“Microsoft mulling 128-bit versions of Windows 8, Windows 9”

Let me get this straight… 32-bit computers have lasted nearly twenty years, if memory serves me (I got my first 80386 motherboard in late 1991). In the last year or so, Microsoft has managed to get 64-bit Windows adopted, giving us access to 16 exabytes of RAM (“approximately 17.2 billion gigabytes,” according to this Wikipedia article) — a literally astronomical number, far larger than the largest hard drives today or in the foreseeable future, let alone RAM size. And they’re already planning a 128-bit OS for two or three years from now?! In the name of all that’s holy, why?!

(One possibility… they might be aiming for a toe-hold on the ridiculously-huge lawsuit crowd. 😉 )

4 Comments

  1. I have to agree, I mean sheesh, 99% of the people with 64 bit hardware is only running 32 bit software. I think they should at least wait until 64 bit software is mainstream before jumping to 128 bit. Is there even 128 bit hardware in the planning stages? Talk about lop sided, if it were a race the hardware side is running at breakneck speeds while the software side isn’t even out of the starting blocks yet.

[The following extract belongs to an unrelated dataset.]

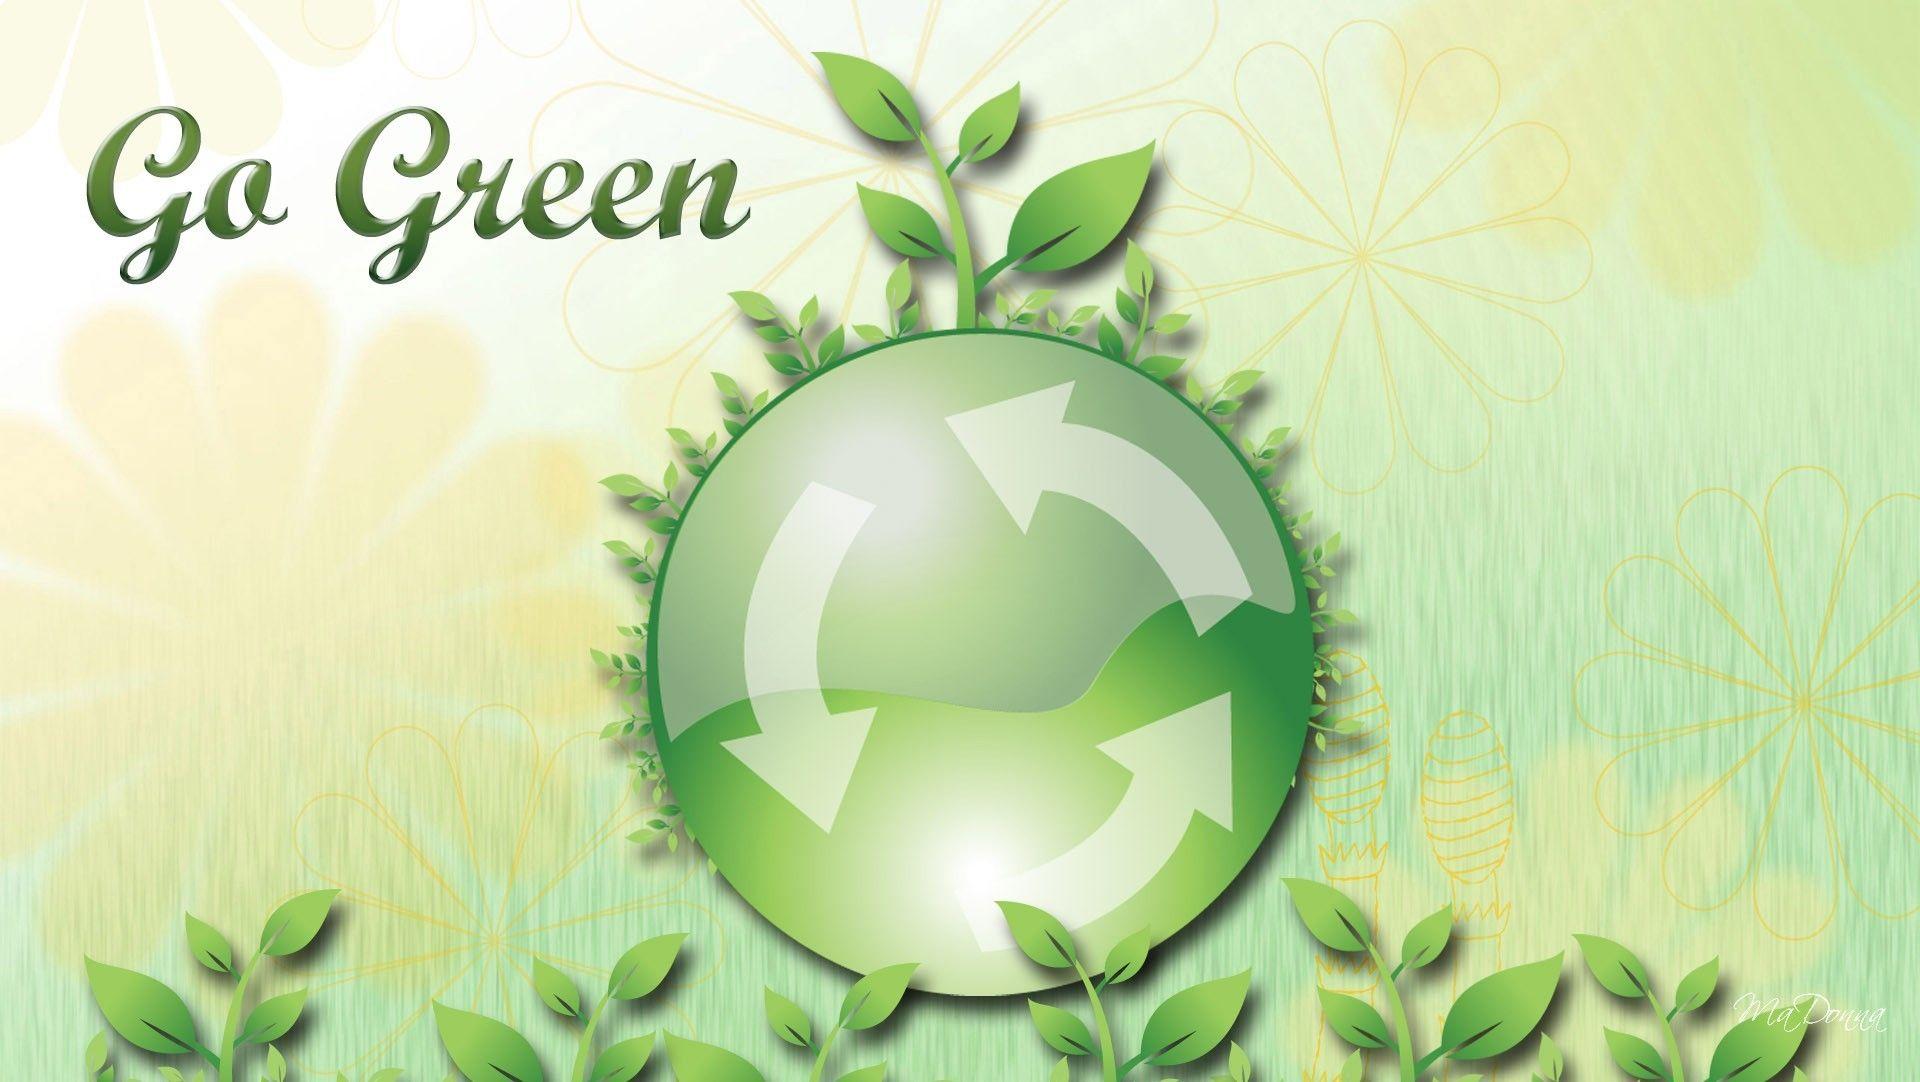 Misc: Green Recycle Firefox Persona Earth Spring Clean Ecology
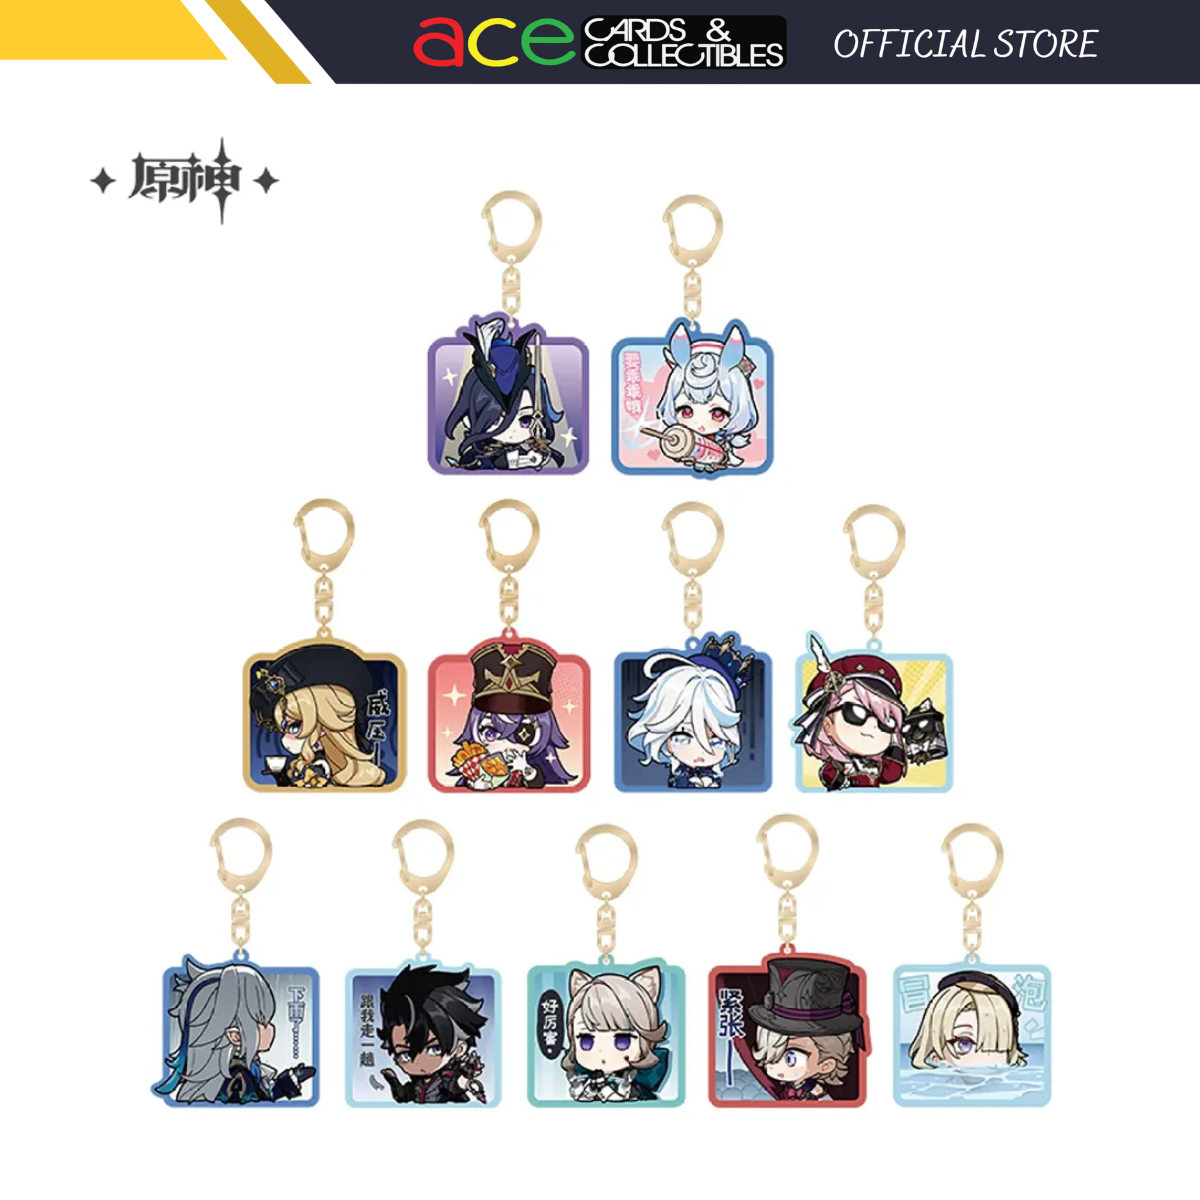 miHoYo Genshin Impact Chibi Fontaine Character Expression Sticker Keychain-Clorinde-miHoYo-Ace Cards & Collectibles

    I guess they just want to see who is dumb, dumber and dumbest.

  2. Even with only 32-bit software, there’s a reasonably good excuse for a 64-bit OS — the 64-bit OS can address more than 4GB of memory, as I said earlier. But I don’t see what use a 128-bit OS is yet… as you say, 128-bit hardware isn’t even available yet. Though it must be planned, or Microsoft wouldn’t have anything to run 128-bit Windows on.

    (Oh, and about hardware outpacing software — that’s nothing new, it has always been the case.)

  3. Hm… that might explain it. They could be going 128-bit for the server version of Windows, with their new file system, and 64-bit for the desktop version. I still don’t see any technical need for it (ZFS can run even under a 32-bit OS, after all), but it sounds like the kind of market segmentation that business types are always trying to come up with.